I was reading about Ebola, and it turns out the virus can survive on surfaces for hours. So now I'm imagining my kitchen counter as a potential outbreak epicenter. Guess I'll be ordering takeout forever.
They say laughter is the best medicine, but I'm pretty sure it won't cure Ebola. Still, it's worth a shot. Hey Ebola, have you heard this one? Maybe it'll get a sore sense of humor.
Ebola is the only thing that can make a zombie apocalypse sound like a preferable option. "Brains or Ebola? I'll take my chances with the undead, thank you very much.
Ebola is so serious that even the hand sanitizer is like, "I'm taking the day off. Call me when it's just the flu, okay?
Ebola is like the VIP of viruses. It's got its own exclusive section in the medical textbooks, probably with a velvet rope and a bouncer saying, "Sorry, common cold, not on the list.
Ebola is the ultimate social distancing champion. People are like, "Stay six feet away!" Ebola is like, "Hold my spike proteins; I can do better.

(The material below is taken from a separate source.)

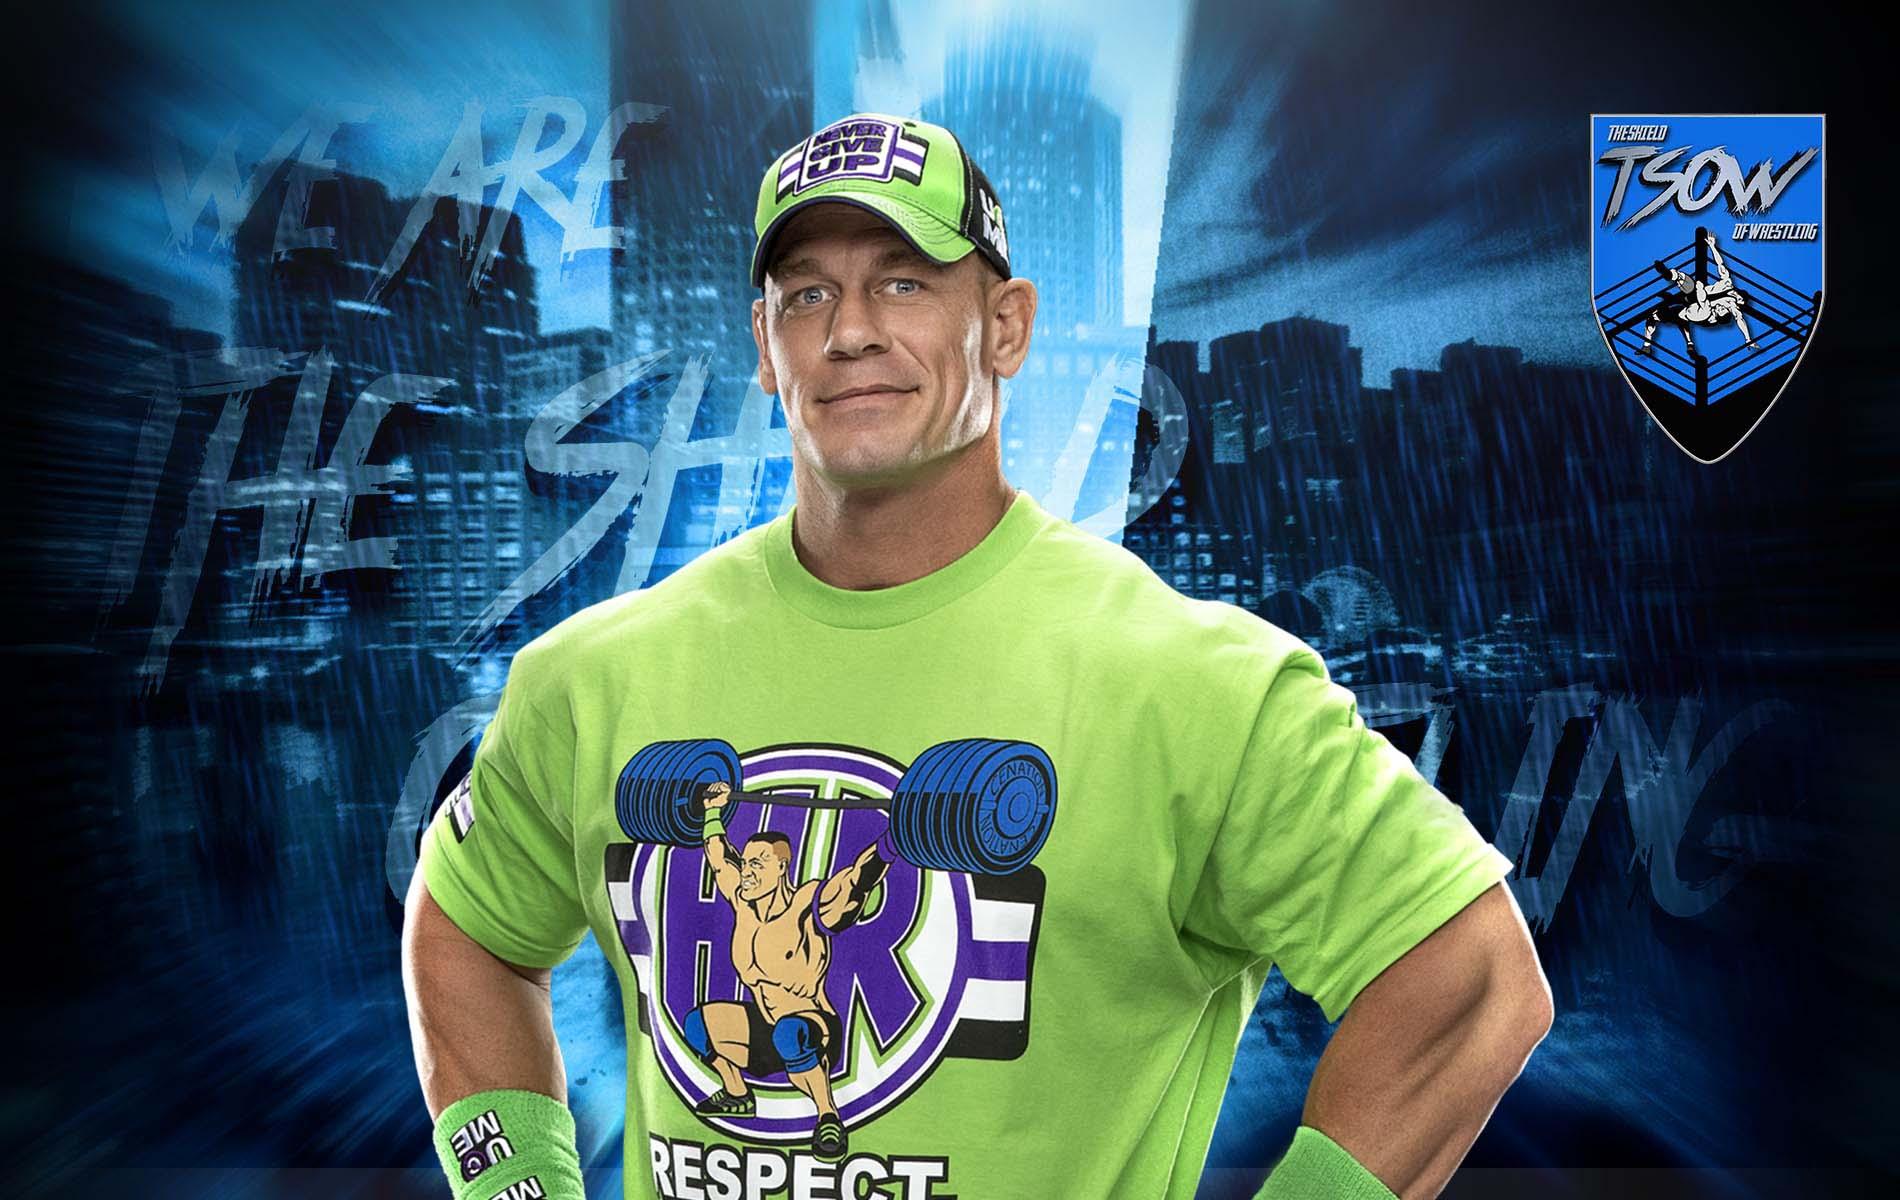 John Cena sarà All Might di My Hero Academia?
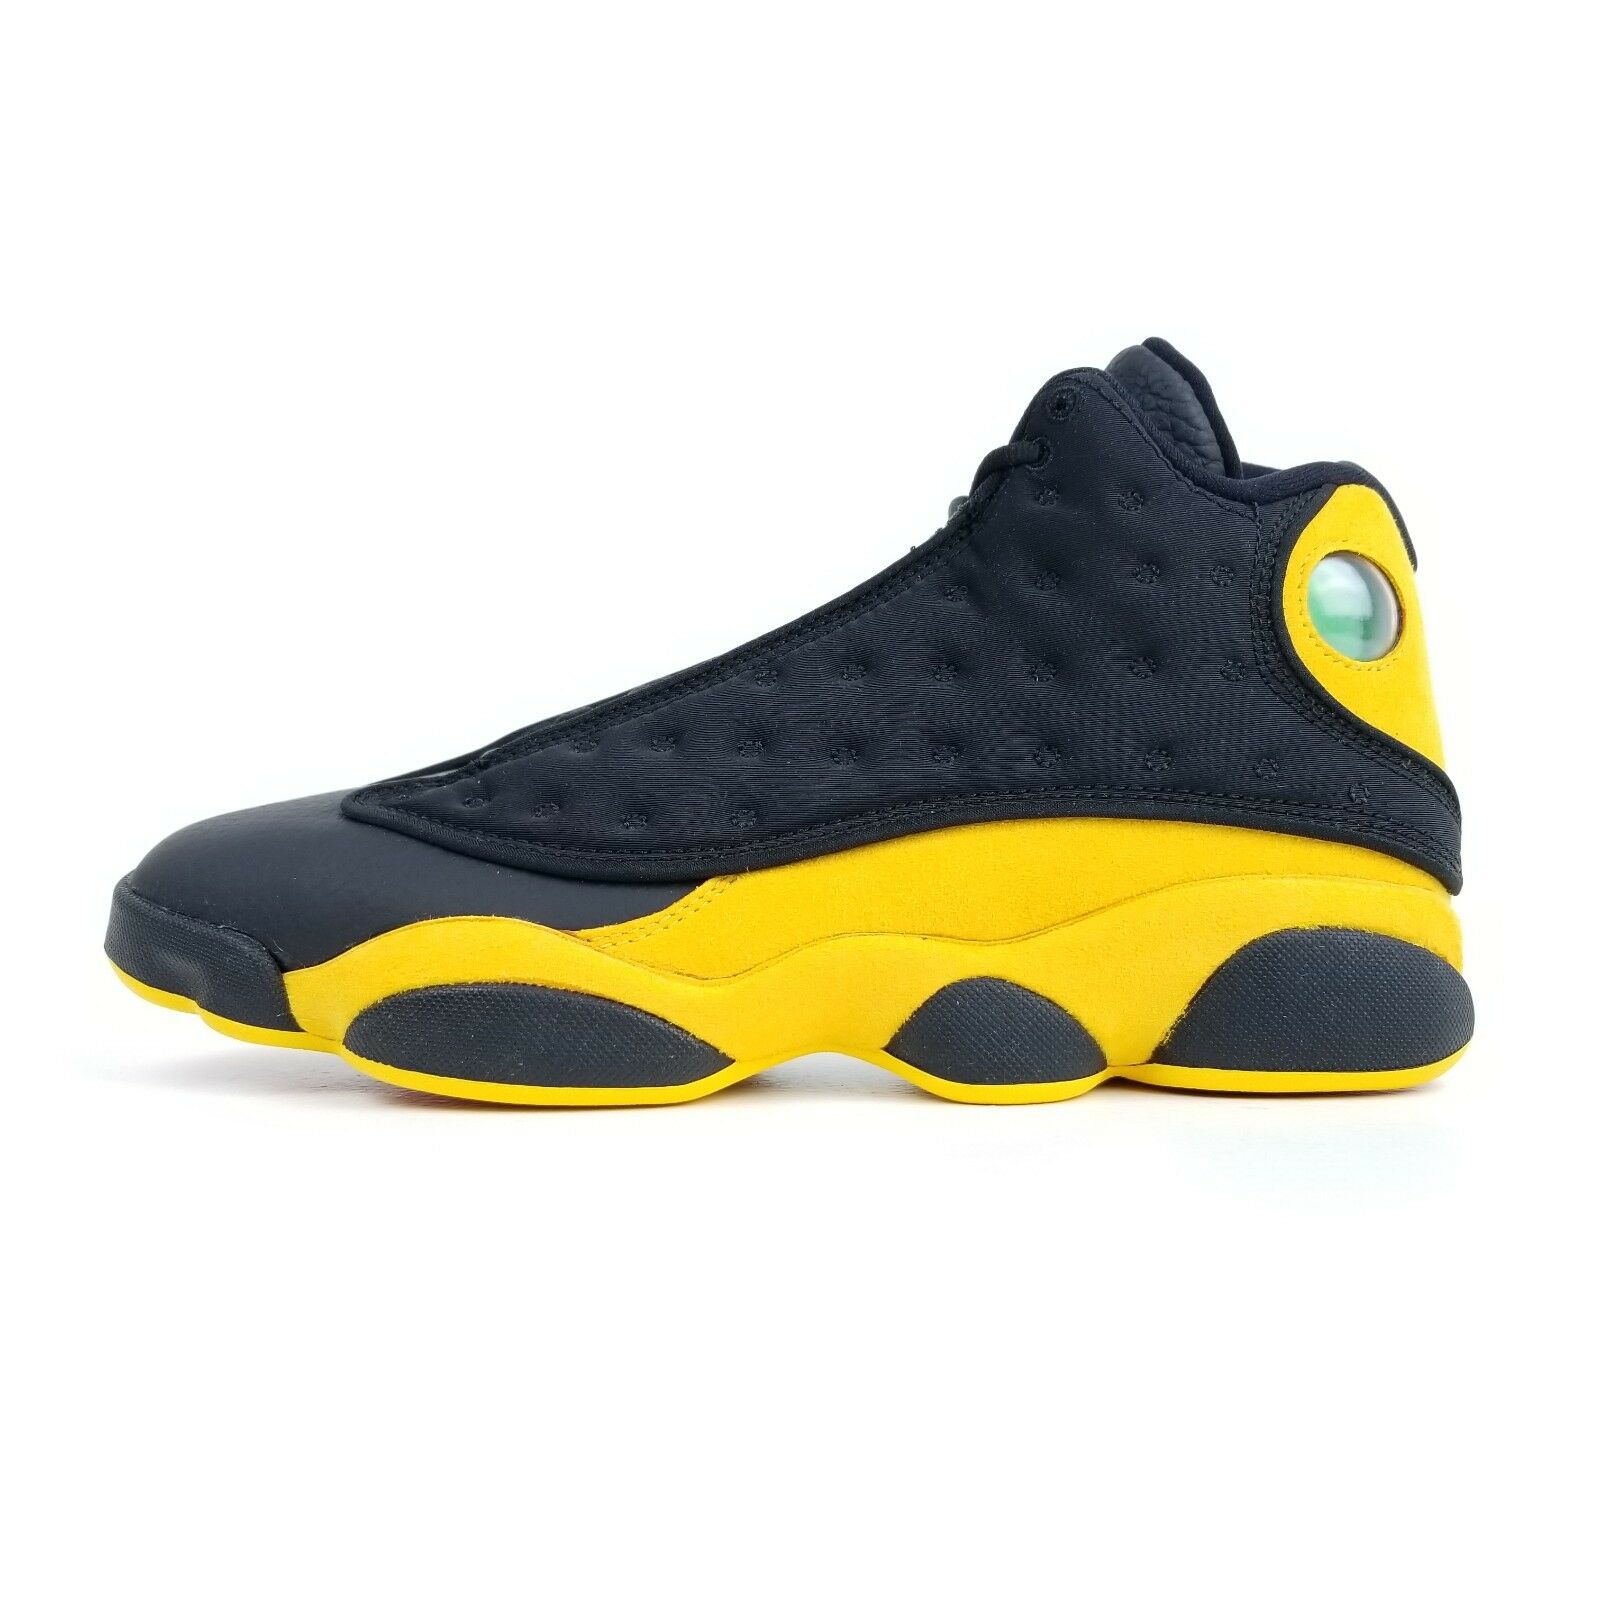 a21e54608106ea NEW Nike Shox SE JCRD Mens shoes Green Pulse Electric Sz 11 Running RARE  CAMO. NIKE Air Jordan XIII 13 Retro Graduation Melo Black ...

Have you ever noticed that whenever there's an Ebola outbreak, suddenly everyone becomes an expert in infectious diseases? "Yeah, I watched a documentary once. I'm practically a virologist now.
You know you're a hypochondriac when you mistake a sneeze for the first symptom of Ebola. I sneezed three times this morning; now I'm Googling quarantine procedures.